Rosyjskie muzeum poinformowało, że polska delegacja zwiedziła główną wystawę Muzeum Zwycięstwa „Wyczyn i zwycięstwo wielkiego narodu” oraz kompleks dioram. „Zagraniczni koledzy byli szczególnie pod wrażeniem filmu 3D 'Droga do zwycięstwa’, prezentowanego w kopule Galerii Sław” – napisano. Ponadto podczas rozmowy „omówiono perspektywy rozwoju instytucji i wymieniono się prezentami„. Szkolnik miał podarować Nawrockiemu album z Muzeum Zwycięstwa i książkę o Moskwie w języku polskim. Z kolei polska delegacja zaprezentowała raporty Witolda Pileckiego. – Cieszymy się, że odwiedziliśmy Muzeum Zwycięstwa w Moskwie. Odkryliśmy tu wiele nowych rzeczy – miał powiedzieć wówczas Nawrocki, cytowany przez Muzeum Zwycięstwa.

Zobacz wideo Sikorski zwrócił się do Nawrockiego. „Ma pan prawo do nacjonalistycznych poglądów”
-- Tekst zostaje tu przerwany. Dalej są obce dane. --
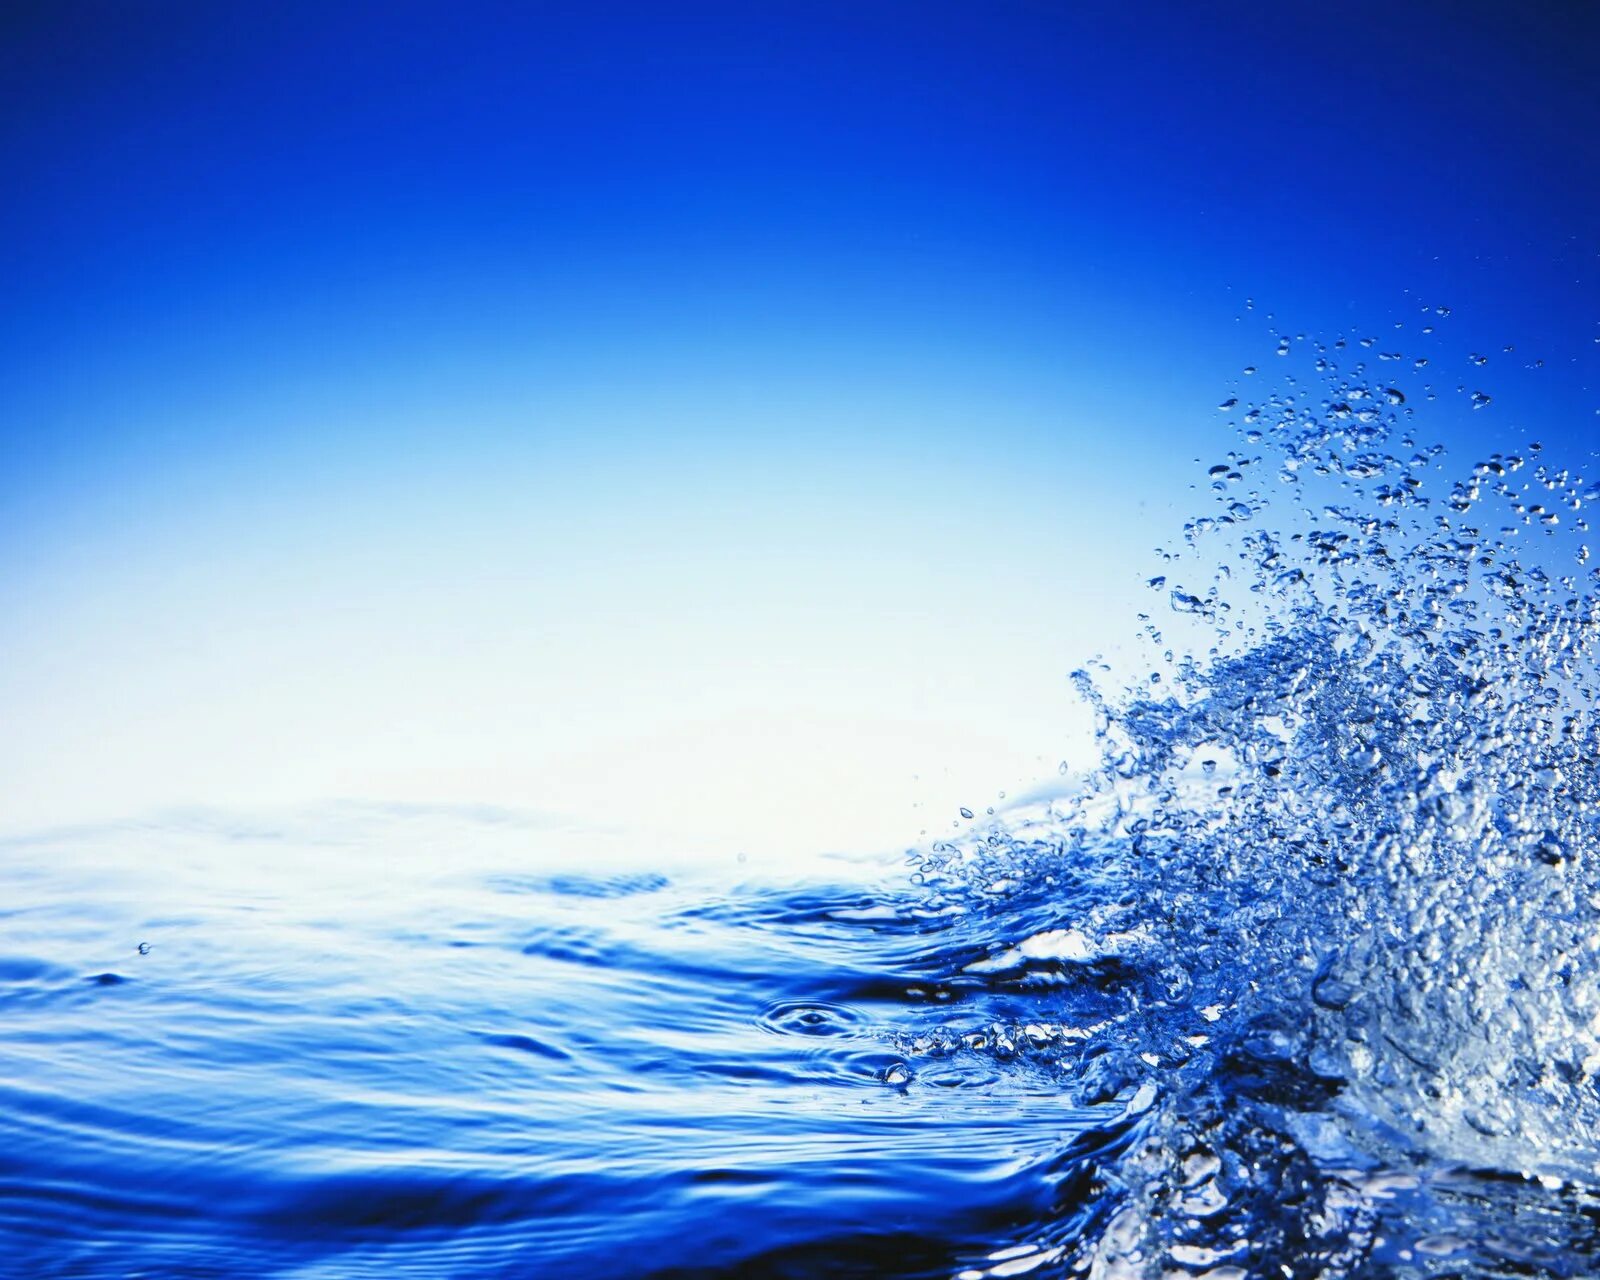 Вода картинки. Изображение 800 на 600 пикселей. Обои на айфон вода. Вода 800. 600 300 воды

Kontrowersyjna przeszłość Szkolnika

Aleksandr Szkolnik został mianowany dyrektorem Muzeum Wielkiej Wojny Ojczyźnianej w kwietniu 2017 roku. Jego zadaniem było opracowanie działalności placówki. – Głównym celem jest zorganizowanie obchodów Dnia Zwycięstwa na wysokim poziomie. Mówiąc bardziej ogólnie, musimy przeprowadzić burzę mózgów w zespole i z udziałem opinii publicznej, aby określić priorytety przyszłego rozwoju muzeum, tak aby stało się ono najlepszym muzeum historii wojskowości w naszym kraju – mówił wówczas dyrektor muzeum. Jak podał ukraiński portal War Sanctions, należący do Głównego Zarządu Wywiadu Ministerstwa Obrony Ukrainy, od tamtej pory organizuje on wydarzenia legitymizujące rosyjską okupację oraz integrujące ukraińskie muzea, które znajdują się na tymczasowo okupowanych terytoriach Ukrainy.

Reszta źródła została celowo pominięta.